Shiny New E-Book Gizmo: The Amazon Kindle


View Full Version : Beautify Baen e-books


IceHand
02-21-2008, 07:46 AM
I have quite a few e-books from Baen and noticed that they use straight quotes instead of curly quotes. So I searched for a script or program that automatically converts the quotes, but couldn't find one that I could use. Then I discovered the program "sed" and made a dirty little one-liner that converts the HTML file from the exploded Baen LIT:
#!/bin/bash
set -e

mv "$1" "$1.backup"
cat "$1.backup" | sed -e 's|"\([^"][^"]*\)"|“\1”|g' -e 's|"|“|g' -e 's|=“[^”]*”|="\0"|g' -e 's|=“||g' -e 's|”"|"|g' -e 's|=”[^“]*“|="\0"|g' -e 's|=”||g' -e 's|“"|"|g' -e "s| '| ‘|g" -e "s|'|’|g" -e "s|“|\“|g" -e "s|”|\”|g" -e "s|‘|\‘|g" -e "s|’|\’|g" -e "s|\. \. \.|\…|g" -e "s|\.\.\.|\…|g" -e "s|\.\ \.\ \.|\…|g" -e "s|\. \. \. \.|\…|g" -e "s|\.\.\.\.|\…|g" -e "s|\.\ \.\ \.\ \.|\…|g" -e 's|\“+//|"+//|g' -e 's|//EN\”|//EN"|g' -e 's|\“http://openebook|"http://openebook|g' -e 's|\.dtd\”>|\.dtd">|g' > "$1"

exit 0
Maybe someone will find this useful. It converts straight quotes to curly quotes and ". . ." and ". . . ." to "…" (…) – and of course it makes a backup of the original HTML file.
I haven't tried, but there's sed for Windows too (http://gnuwin32.sourceforge.net/packages/sed.htm).
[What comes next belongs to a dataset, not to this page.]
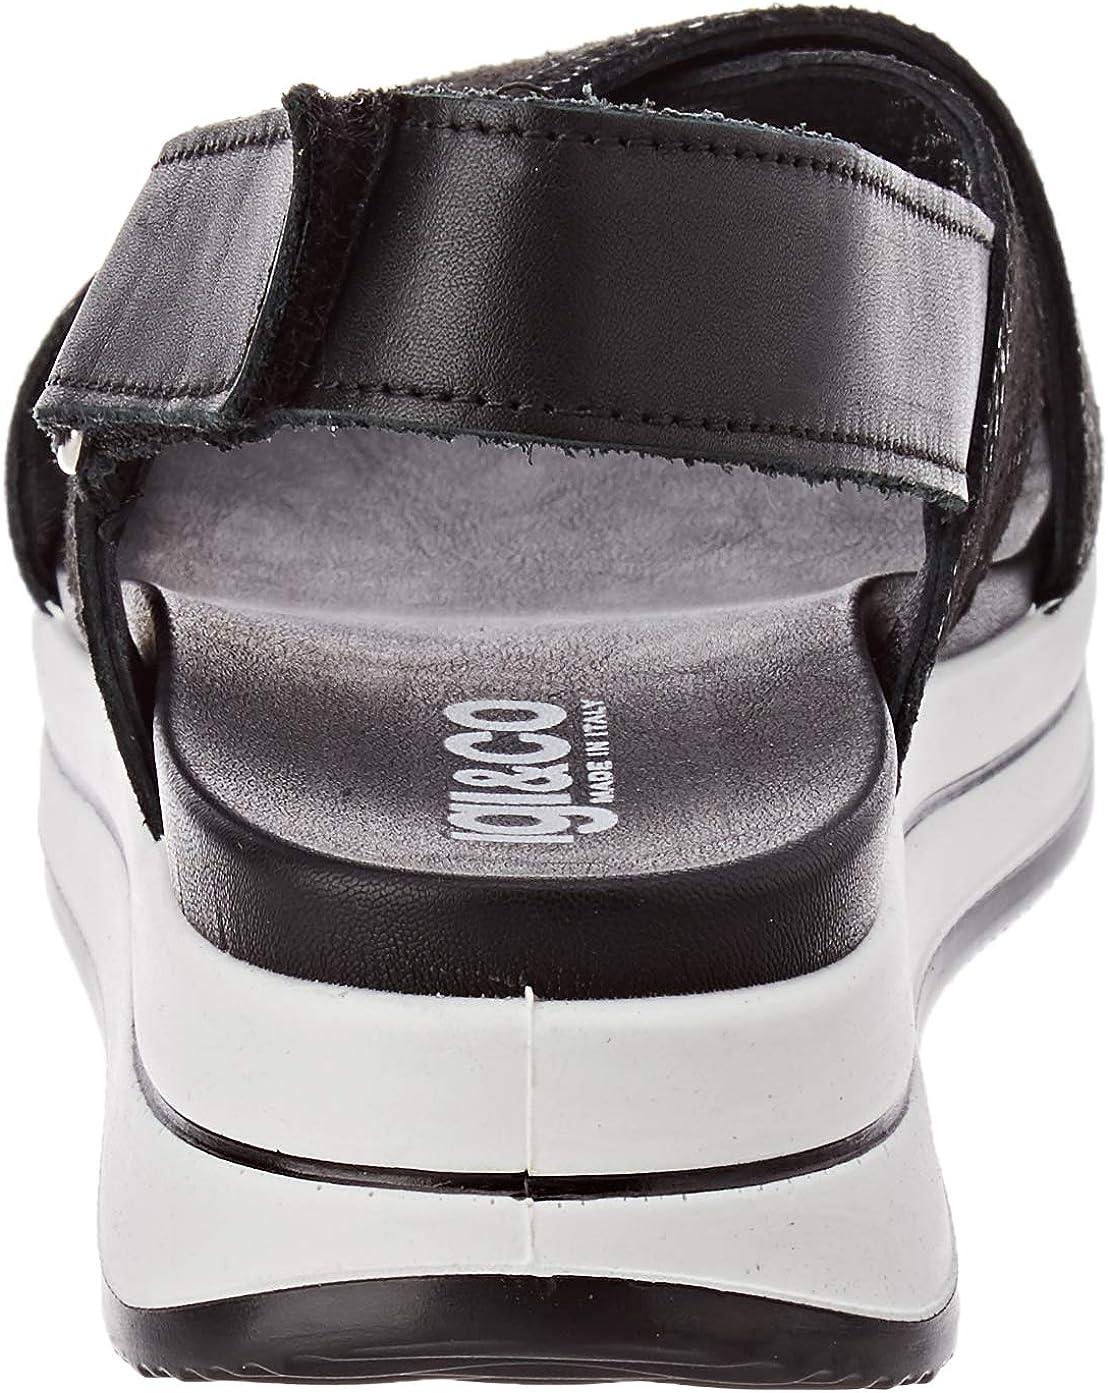 IGI&Co Damen Sandalo Donna Dsd 51743 Plateau Sandalen Schwarz Nero 5174300
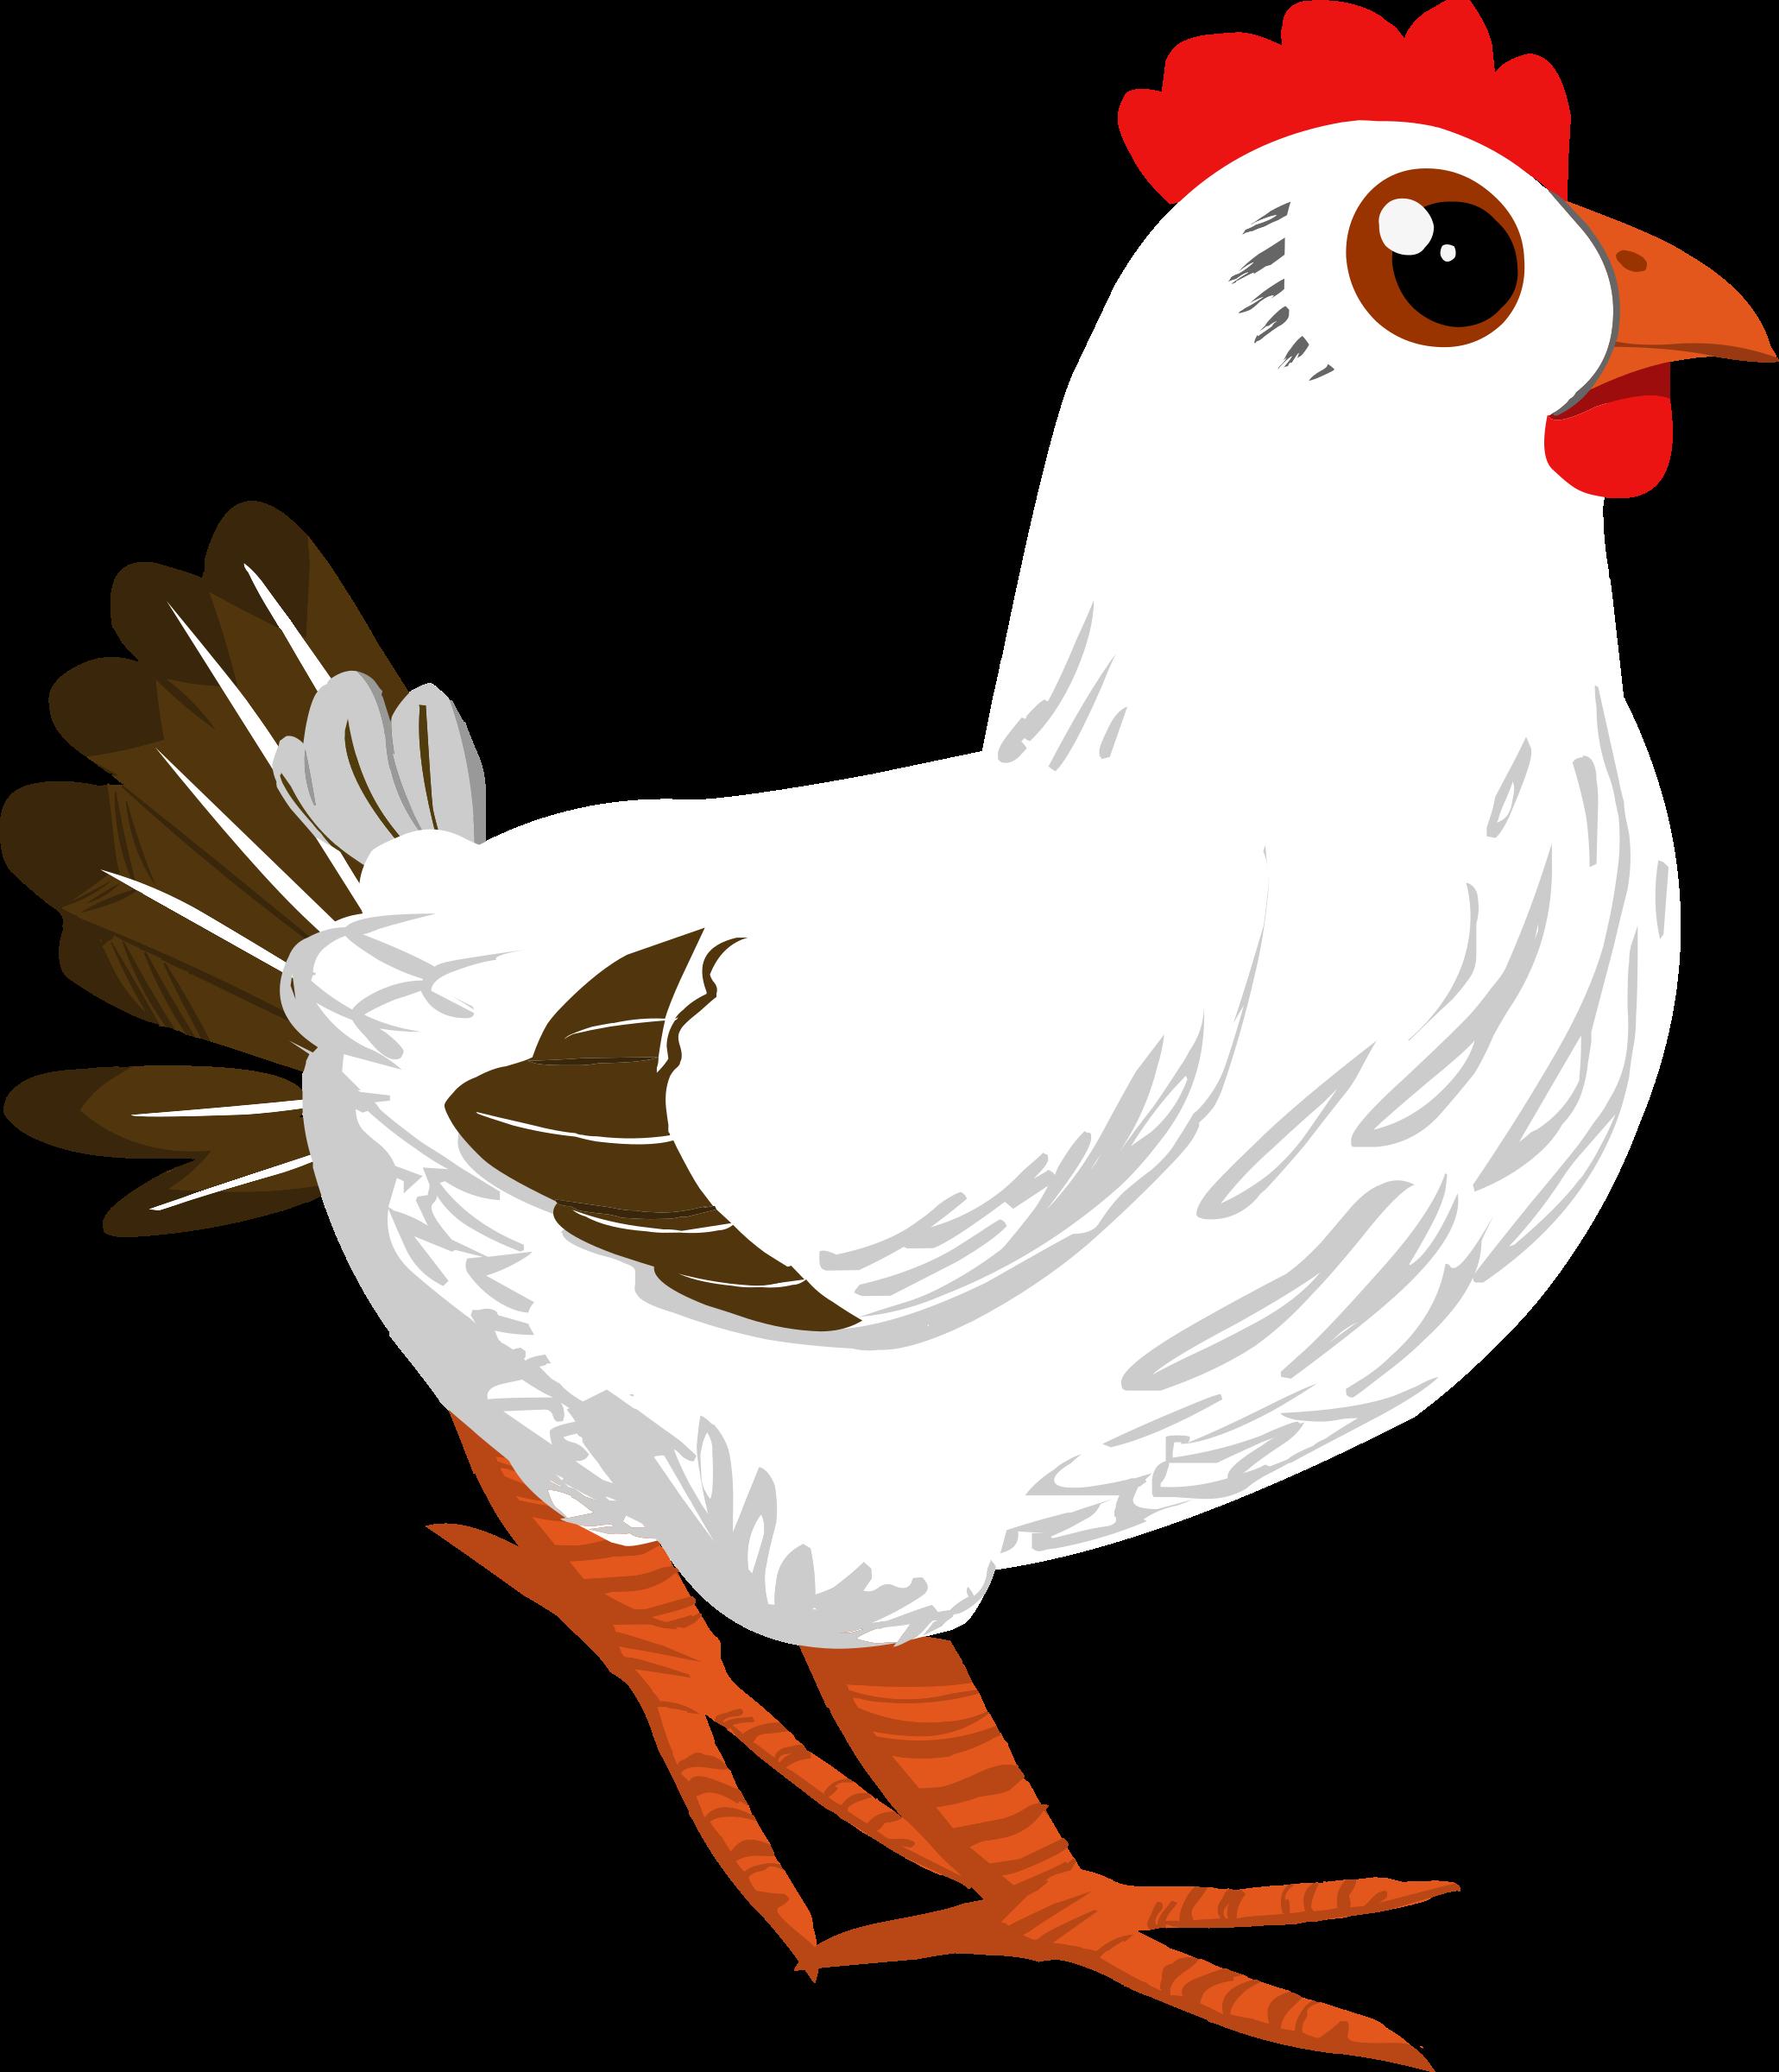 Inhabitants npc big image. Clipart chicken tail

Are there other – maybe nicer – ways to do this task? My one-liner works well with Baen books, but has some limitations.

By the way, why is it that Baen Mobipocket e-books look nicer when exploding the MS Reader LIT and converting to Mobipocket yourself?

HarryT
02-21-2008, 08:57 AM
By the way, why is it that Baen Mobipocket e-books look nicer when exploding the MS Reader LIT and converting to Mobipocket yourself?

Until a couple of months ago Baen used a pretty bad Mobipocket creator - those are the files you get with a ".prc" extension. They've now started to use a much better converter and the new files (which have a ".mobi" extension) are very nice.